15 Oct 2025

US Supreme Court rejects Alex Jones' challenge to $1.4 billion defamation judgement

12:30 pm on 15 October 2025

By Dietrich Knauth

InfoWars founder Alex Jones speaks to the media outside Waterbury Superior Court during his trial on September 21, 2022 in Waterbury, Connecticut. Jones is being sued by several victims' families for causing emotional and psychological harm after they lost their children in the Sandy Hook massacre. A Texas jury last month ordered Jones to pay $49.3 million to the parents of 6-year-old Jesse Lewis, one of 26 students and teachers killed in the shooting in Newtown, Connecticut.

InfoWars founder Alex Jones speaks to the media outside Waterbury Superior Court during his trial on 21 September, 2022 in Waterbury, Connecticut. Photo: Getty via AFP

The US Supreme Court has declined to hear a challenge by conspiracy theorist Alex Jones to a US$1.4 billion (NZ$2.44b) judgement awarded to families of the victims of the Sandy Hook Elementary School mass shooting in Connecticut over the Infowars website founder's false statements that the 2012 incident was a hoax.

The justices turned away his appeal of the Connecticut Appellate Court's decision in a defamation lawsuit against him to uphold most of the judgement issued by a judge and jury in 2022 to 14 family members of children and school employees who were killed and an FBI agent who responded to the shooting. In doing so, the top US judicial body left the judgement in place.

Twenty-six people - 20 students and six staff members at the school in Newtown, Connecticut - were killed in the incident by a 20-year-old former student who then fatally shot himself.

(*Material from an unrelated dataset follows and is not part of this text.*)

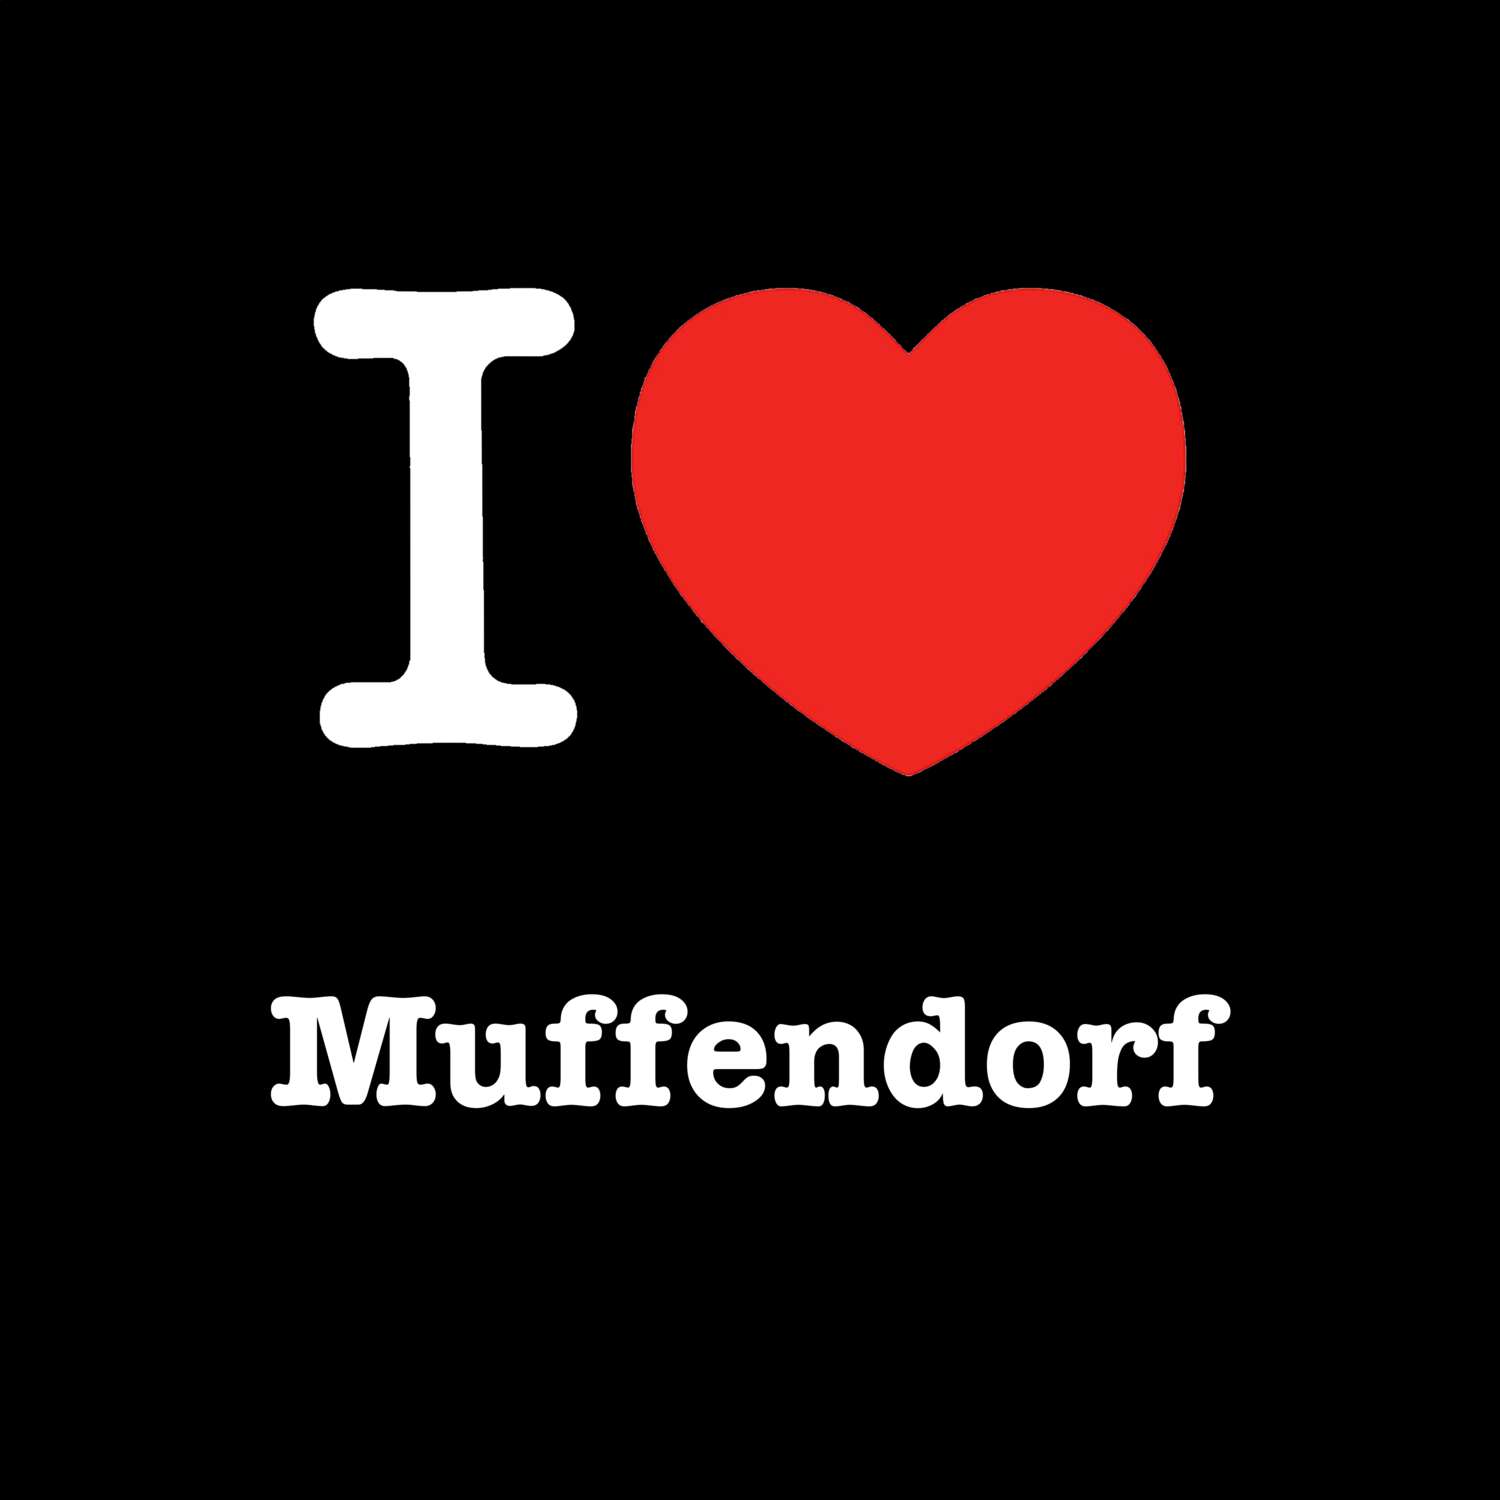 Muffendorf T-Shirt »I love«

Jones has argued that the judgement in the lawsuit brought against him in Connecticut violated his rights under the US Constitution to due process and free speech. It is believed to be the largest judgement in American libel case history, according to his filing to the Supreme Court.

He also lost a similar lawsuit in Texas, though the roughly $50 million judgement in that case was far lower. Jones is separately appealing that judgement. He declared bankruptcy after losing the lawsuits.

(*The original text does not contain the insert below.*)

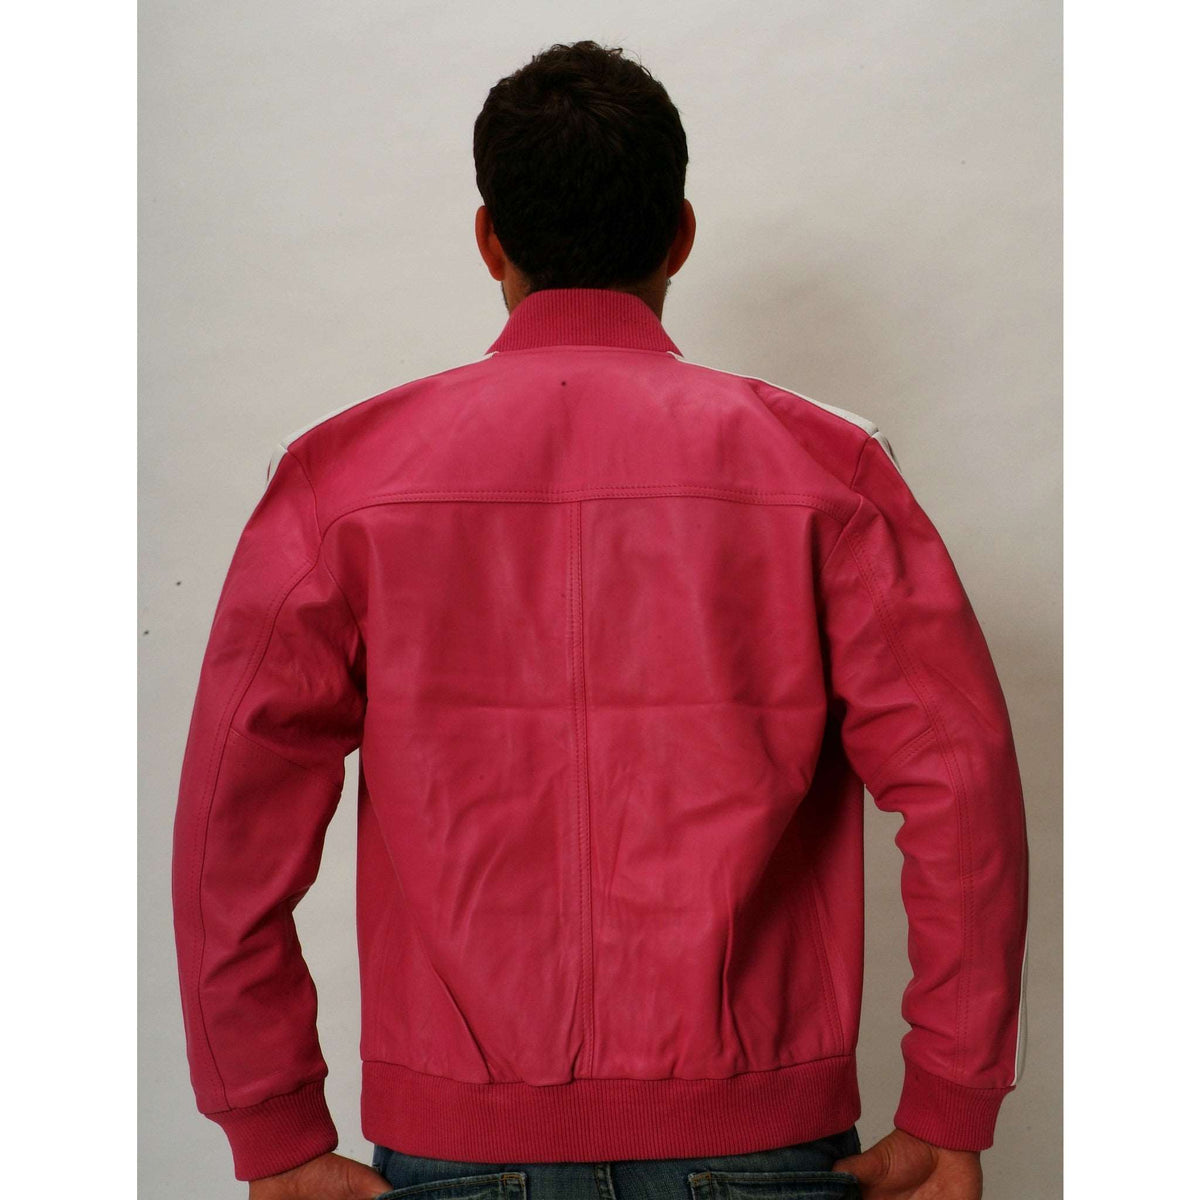 Mens pink leather track jacket back

Chris Mattei, an attorney representing the Connecticut plaintiffs, said that the families look forward to enforcing their judgement against Jones now that the Supreme Court has rejected his "latest desperate attempt to avoid accountability for the harm he has caused".

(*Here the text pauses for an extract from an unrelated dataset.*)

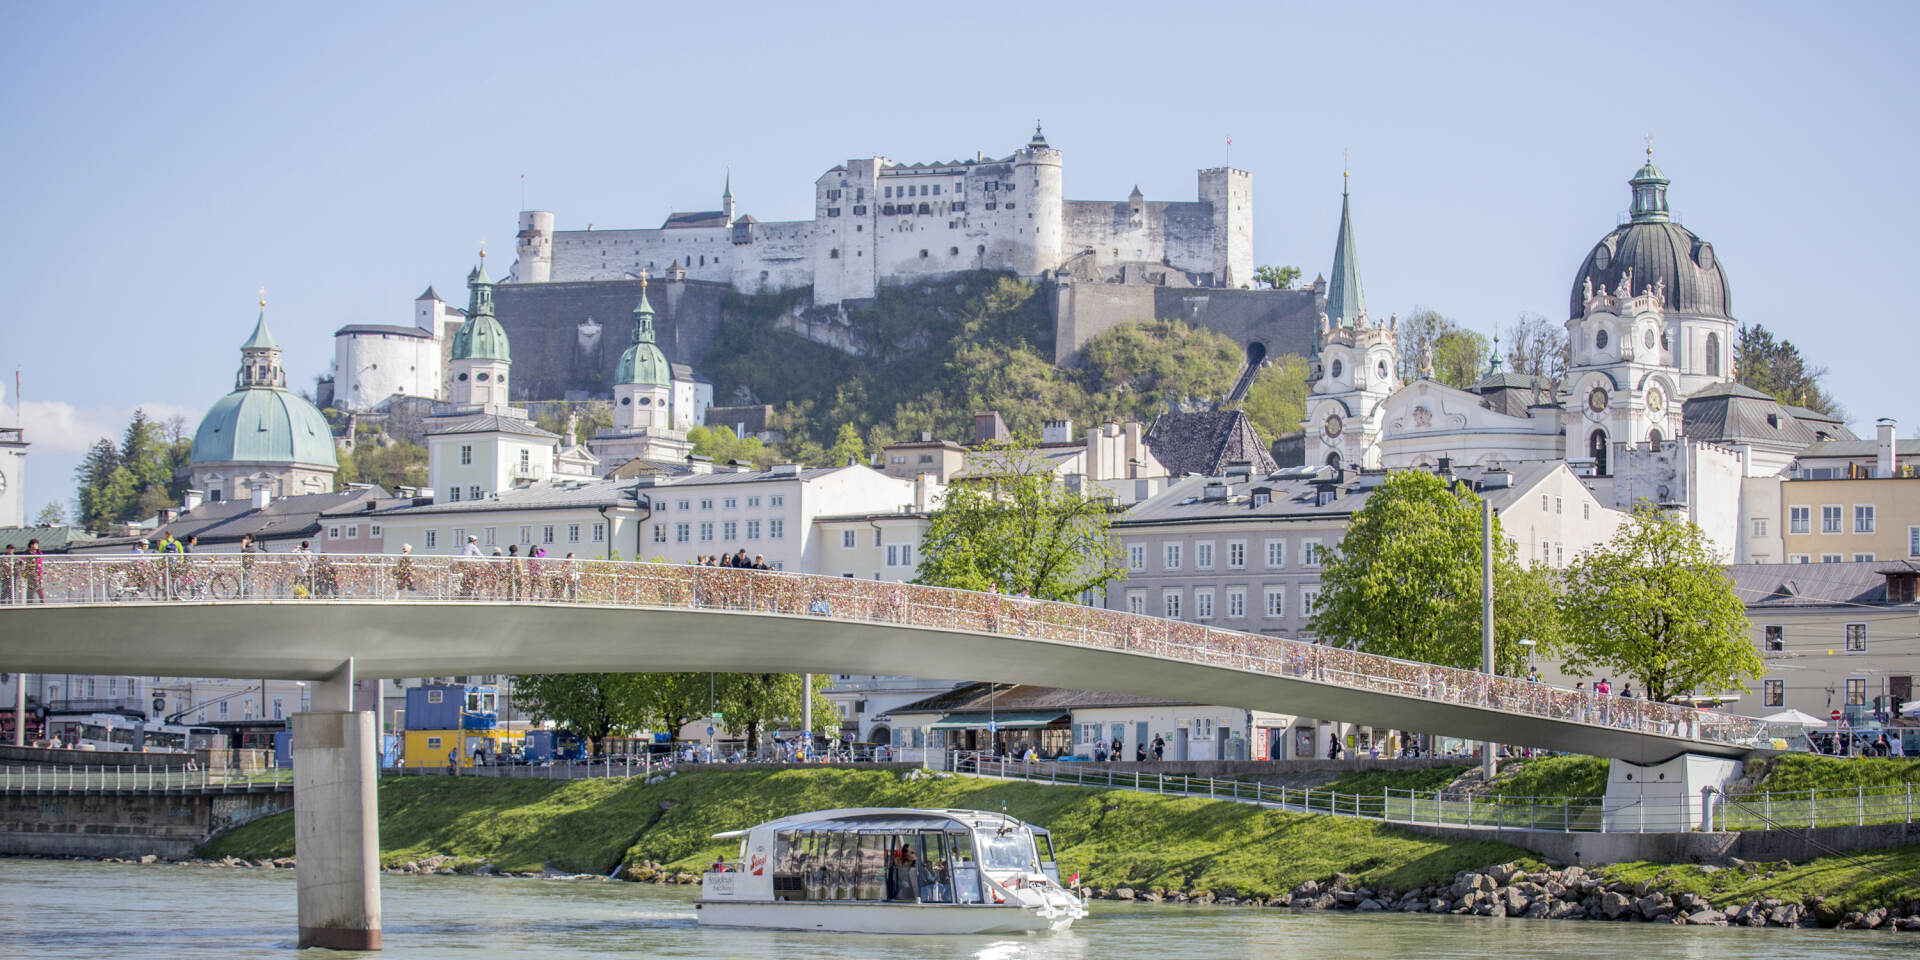 Salzburg Panorama Stadtrundfahrt mit Bus und Schiff - Schiff Amadeus © salzburghighlights.com

Jones said on a programme shown on the Infowars website that the Supreme Court left in place a flawed ruling that empowered judges to find liability without a jury's involvement.

"Judges are now king," Jones said. "They can just find you guilty, have a show trial and tell a jury that you've got all this money and not even show any evidence of it, and then make it non-dischargeable so that you could never even pay it back."

Jones vowed that he would not be silenced even if a court allows the Sandy Hook families to seize Infowars as part of their efforts to collect on the judgement.

He was sued for defamation after calling the shooting a "false flag" operation meant to stir up anti-gun sentiment among Americans, and he has said that the parents of slain children were "crisis actors" who were faking their grief in television interviews.

Jones refused to cooperate in the legal proceedings. He has objected to the fact that Connecticut Superior Court Judge Barbara Bellis determined he was liable for defaming the parents, and that a six-member jury was asked only to consider how much he should pay. Jurors awarded compensatory damages of $965m in the trial held in the city of Waterbury.

The judge then added $473m in punitive damages, and an appeals court later reduced that amount to $323m after Jones appealed. In his appeal to the Supreme Court, Jones challenged the original $1.4b sum.

The verdict is so large that it "can never be paid," according to the filing, and a bankruptcy court has ruled that Jones cannot use his personal bankruptcy to avoid paying the debt.

In his filing to the Supreme Court, Jones said that the judge's default judgement was based on "small discovery errors" and "trivial" missteps by his lawyers, and led to an unfair trial.

Jones previously asked the Supreme Court to intervene in the Connecticut case in 2021, after Bellis imposed sanctions on Jones for public statements he made during the litigation but before he was found liable for defamation. The Supreme Court declined to take the case at that time.

Jones is separately appealing his loss in Texas, and is currently challenging a court order that would force the sale of Infowars. Jones faces two more defamation lawsuits from other Sandy Hook parents and the family of a man who was falsely identified as a school shooter. Those cases have not yet gone to trial.